Robert Churchwell

Personal information
- Born: February 20, 1972 (age 53) South Bend, Indiana, U.S.
- Listed height: 6 ft 6 in (1.98 m)
- Listed weight: 195 lb (88 kg)

Career information
- High school: Gonzaga (Washington, D.C.)
- College: Georgetown (1990–1994)
- NBA draft: 1994: undrafted
- Playing career: 1994–1998
- Position: Shooting guard
- Number: 21

Career history
- 1994–1996: Chicago Rockers
- 1996: Golden State Warriors
- 1996–1997: La Crosse Bobcats
- 1997: Florida Beachdogs
- 1997–1998: Manchester Giants

Career highlights
- CBA All-Rookie Second Team (1995); Big East All-Freshman team (1991);
- Stats at NBA.com
- Stats at Basketball Reference

= Robert Churchwell =

American basketball player

Robert Churchwell (born February 20, 1972) is an American former professional basketball player. He played collegiately for the Georgetown University.

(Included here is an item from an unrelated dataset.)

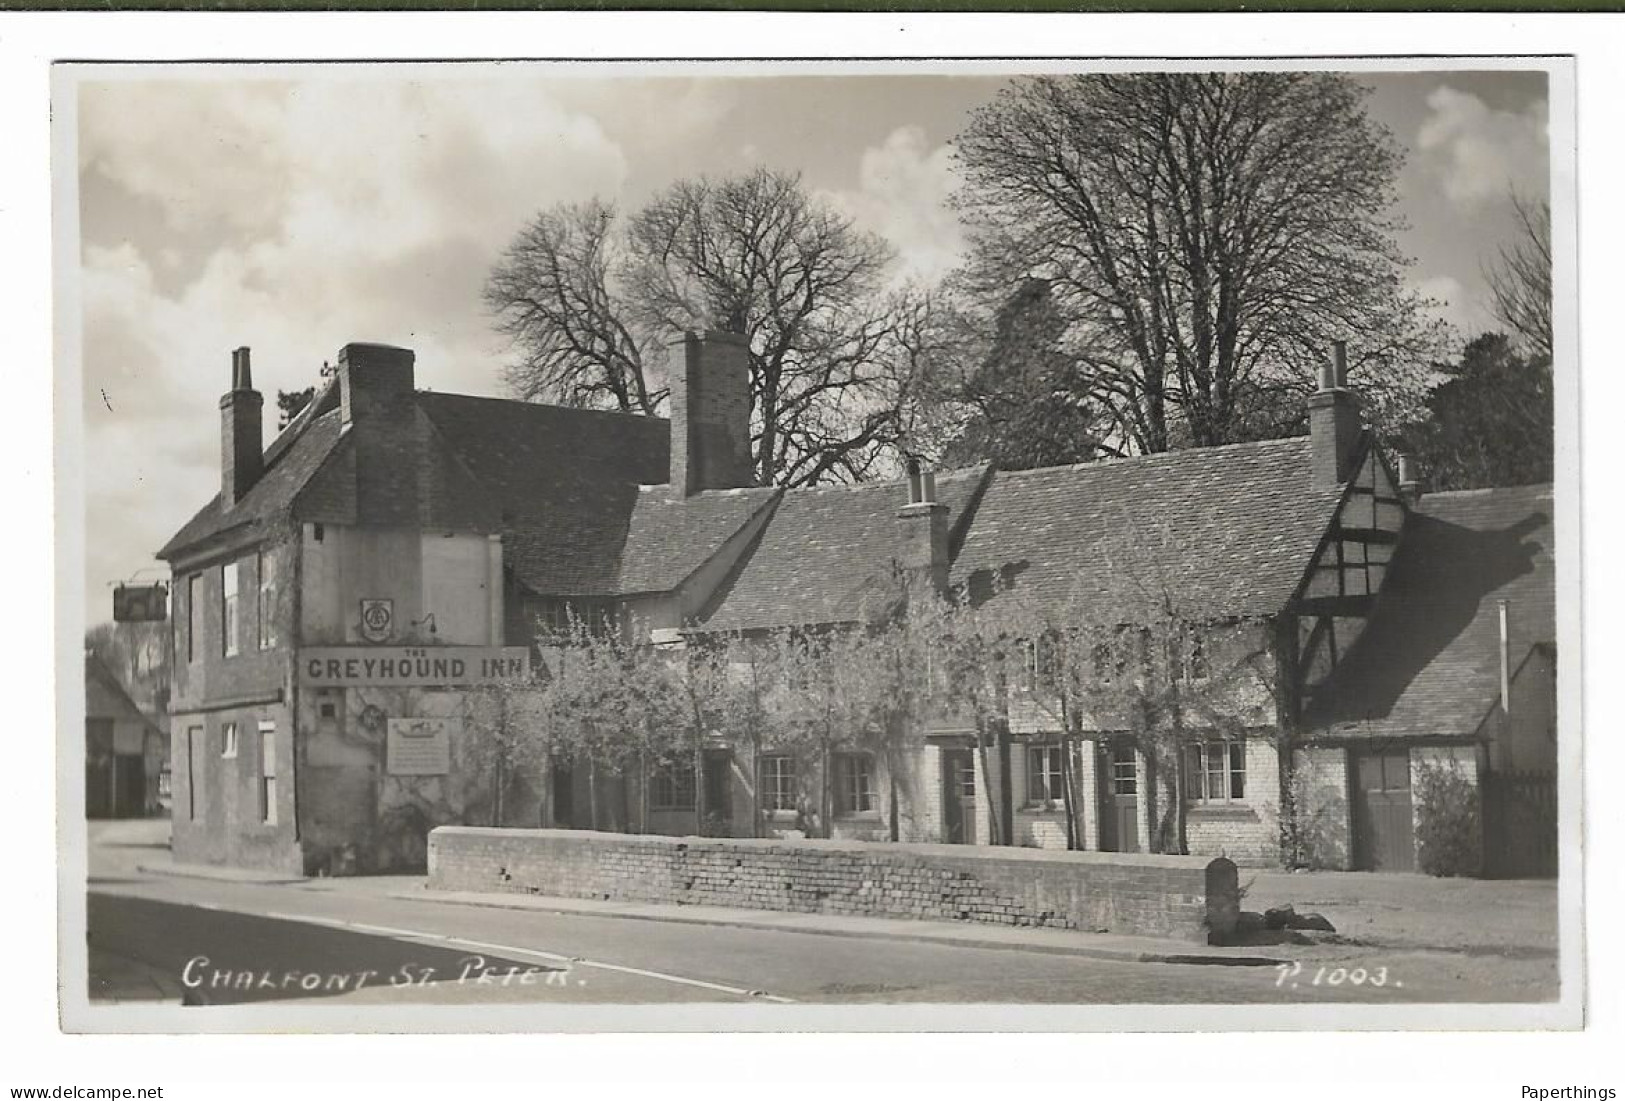 Real Photo Postcard, Buckinghamshire, Chalfont ST. Peter, The Greyhound Inn, Pub, Road, Street, House. - Buckinghamshire

A 6 ft 6 in, 195 lb guard/forward, he played 4 games for the National Basketball Association's Golden State Warriors in the 1995–96 season.

On June 14, 1994, Chris Devine of the Chicago-based company Major Broadcasting purchased the Wichita Falls Texans, a Continental Basketball Association (CBA) team in Wichita Falls, Texas. The team was moved to Chicago and renamed the "Rockers". During the 1994 CBA draft the Rockers had the eighth pick out of 16 teams. The Rockers selected Derrick Phelps from the University of North Carolina, Deon Thomas from the University of Illinois, Robert Churchwell from Georgetown University, Shon Tarver from the University of California–Los Angeles, and Kenny Williams from the University of Illinois–Chicago, respectively.[7]

The Rockers made the 1995 CBA playoffs with a 28–28 record. During the first round, Chicago defeated the Quad City Thunder in a five-game series.[18] Chicago faced the Pittsburgh Piranhas in the American Conference Finals. Pittsburgh swept Chicago three games to zero in a best-of five series.

On March 12, 1996, the Chicago Rockers announced they were moving to La Crosse, Wisconsin after the 1995–96 season. The team reached an agreement to play at the La Crosse Center, paying one year's rent in advance. They would later become known as the La Crosse Bobcats.

In 1997 he signed for Manchester Giants of the British Basketball League.

He was a Disciplinary Director at Gonzaga College High School from 2021 to 2024.